Il est depuis longtemps
admis que la célèbre description de la
camera obscura (chambre noire) que fit Giovanni Battista
della Porta, en 1558, dans son Magiae
naturalis a été
précédée par celle de G. Frisius
en 1545. Cette chambre primitive était, en fait,
une pièce d’habitation, à un mur de laquelle
on avait percé un petit trou, l’équivalent
d’un sténopé actuel; mais très
peu de temps après, en 1550, Jérôme
Cardano y substitua une lentille biconvexe – le
premier objectif – agrémentée en
1568, par Barbaro, d’un diaphragme et, en 1573, par
Danti, d’un miroir redresseur. La destination de la
chambre noire était le dessin; aussi, des modèles
portatifs furent-ils rapidement imaginés, modèles
courants vers le milieu du XVIIe siècle,
notamment ceux du père Athanasius Kircher (1646),
de Sturm (1676), et de J. Zahn (1685), ce dernier
avec une lentille améliorée et un verre
dépoli.
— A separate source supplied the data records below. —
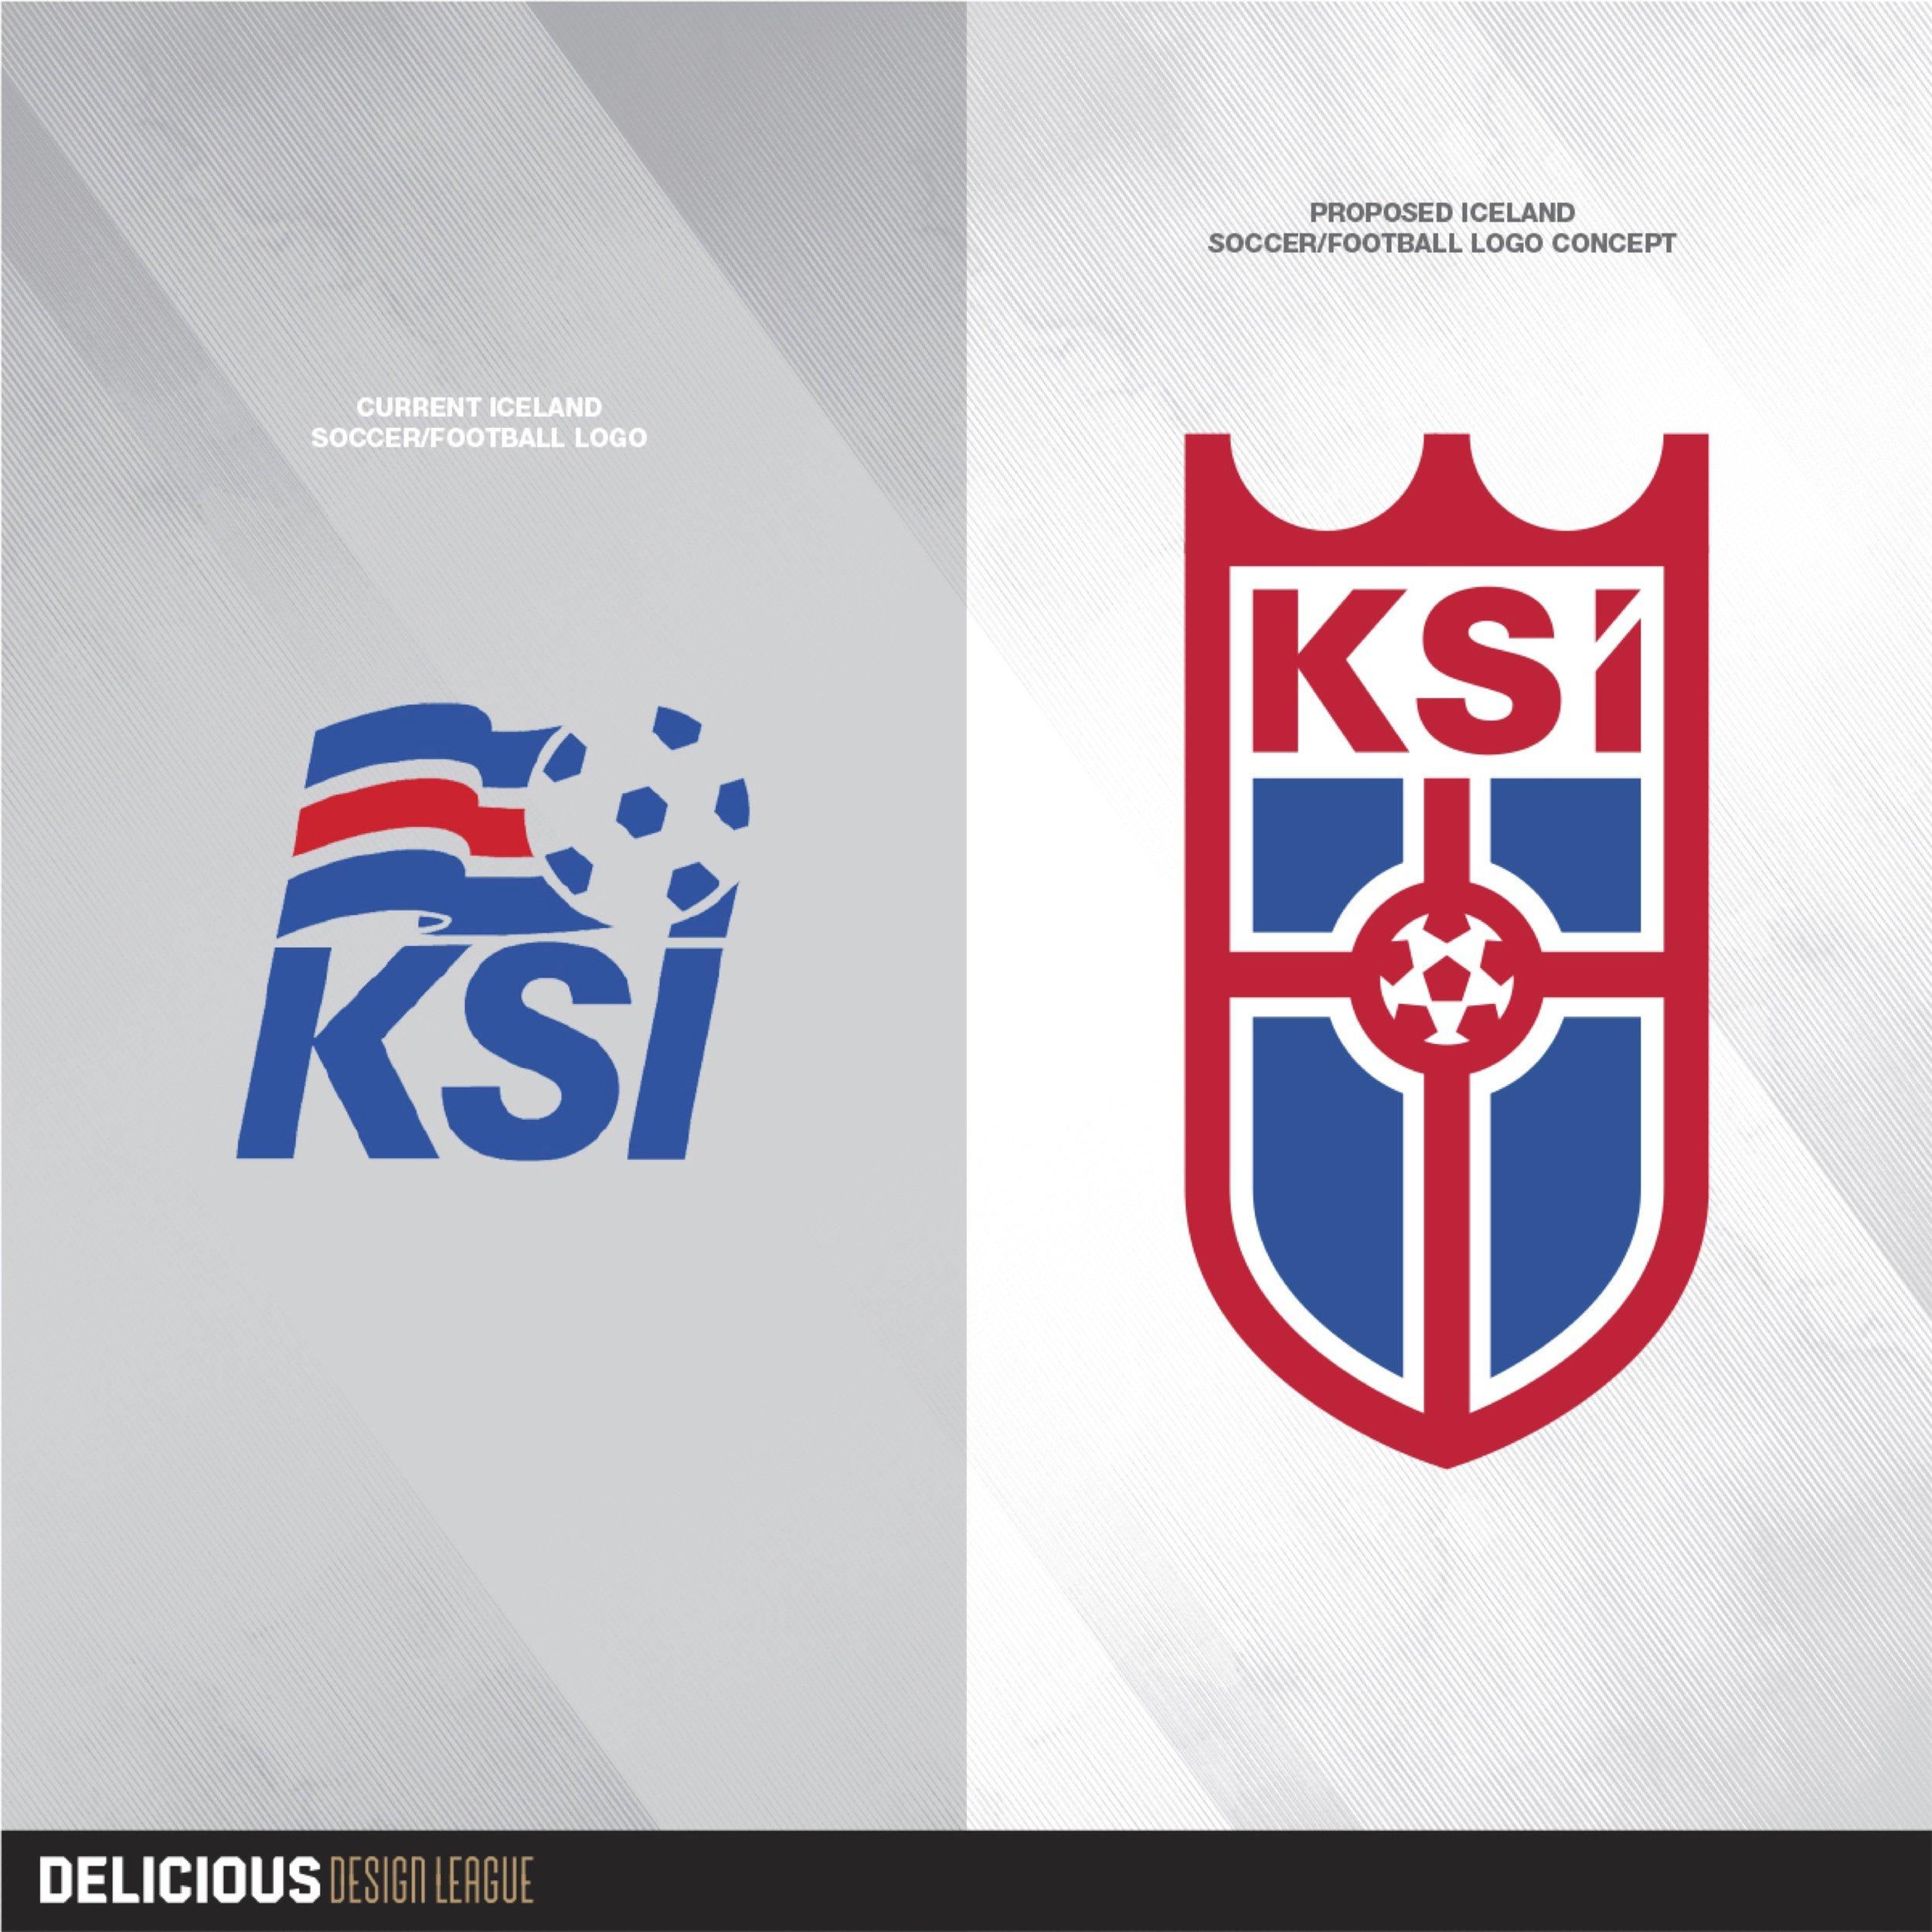 KSI_IcelandSoccerLogo.jpg
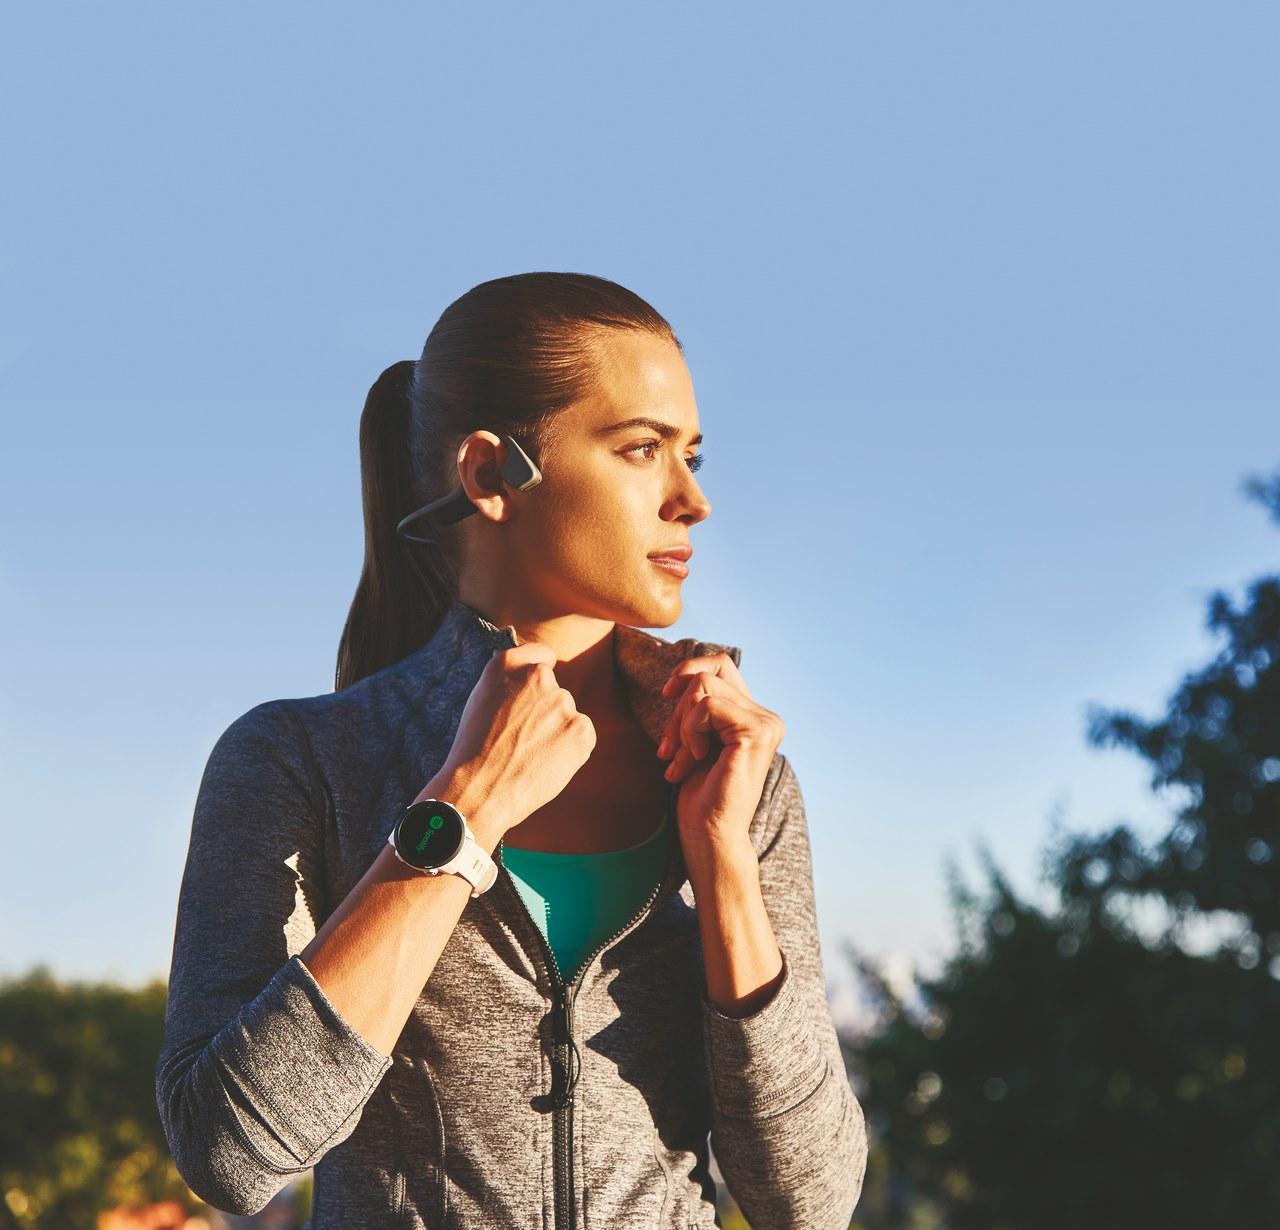 Garmin ra mắt bộ đôi Forerunner 245 tại VN: bổ sung tính năng nghe nhạc, tự động cảnh báo khi nào cơ thể đã
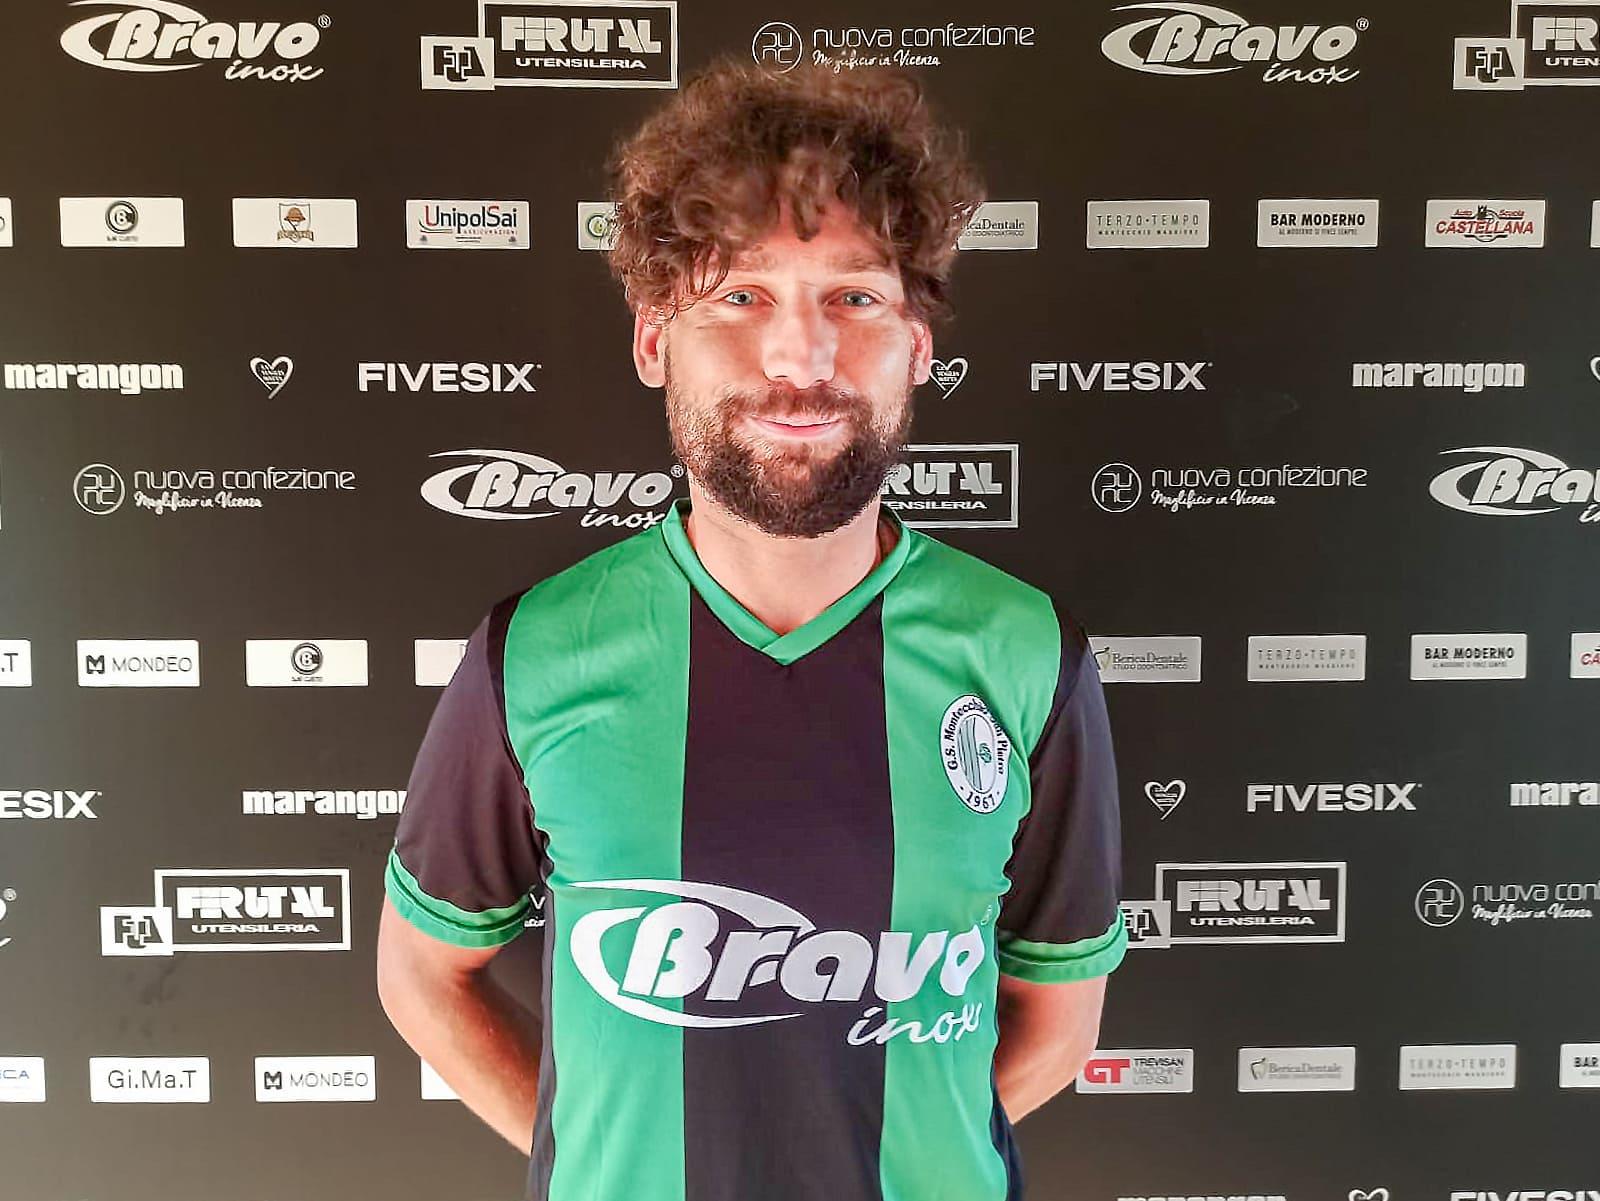 Benvenuto Nicolas Signorin!

Le cours d’optique du professeur Christian
Wolff, publié à Halle en 1707, en décrit
trois, et l’abbé Jean Antoine Nollet, dans ses
Leçons de physique expérimentale , parues en 1743, traite longuement
de ce sujet et des changements de focale. Le modèle
de Guyot (1770), ancêtre de l’épidiascope,
permettait de dessiner à plat. Entre-temps, en
1747, Leonhard Euler avait découvert la correction
chromatique, mais le perfectionnement le plus important
fut le ménisque imaginé par William Hyde
Wollaston en 1812: la netteté était améliorée
par la mise en place d’un diaphragme que Nicéphore
Niépce transforma dix ans plus tard en iris.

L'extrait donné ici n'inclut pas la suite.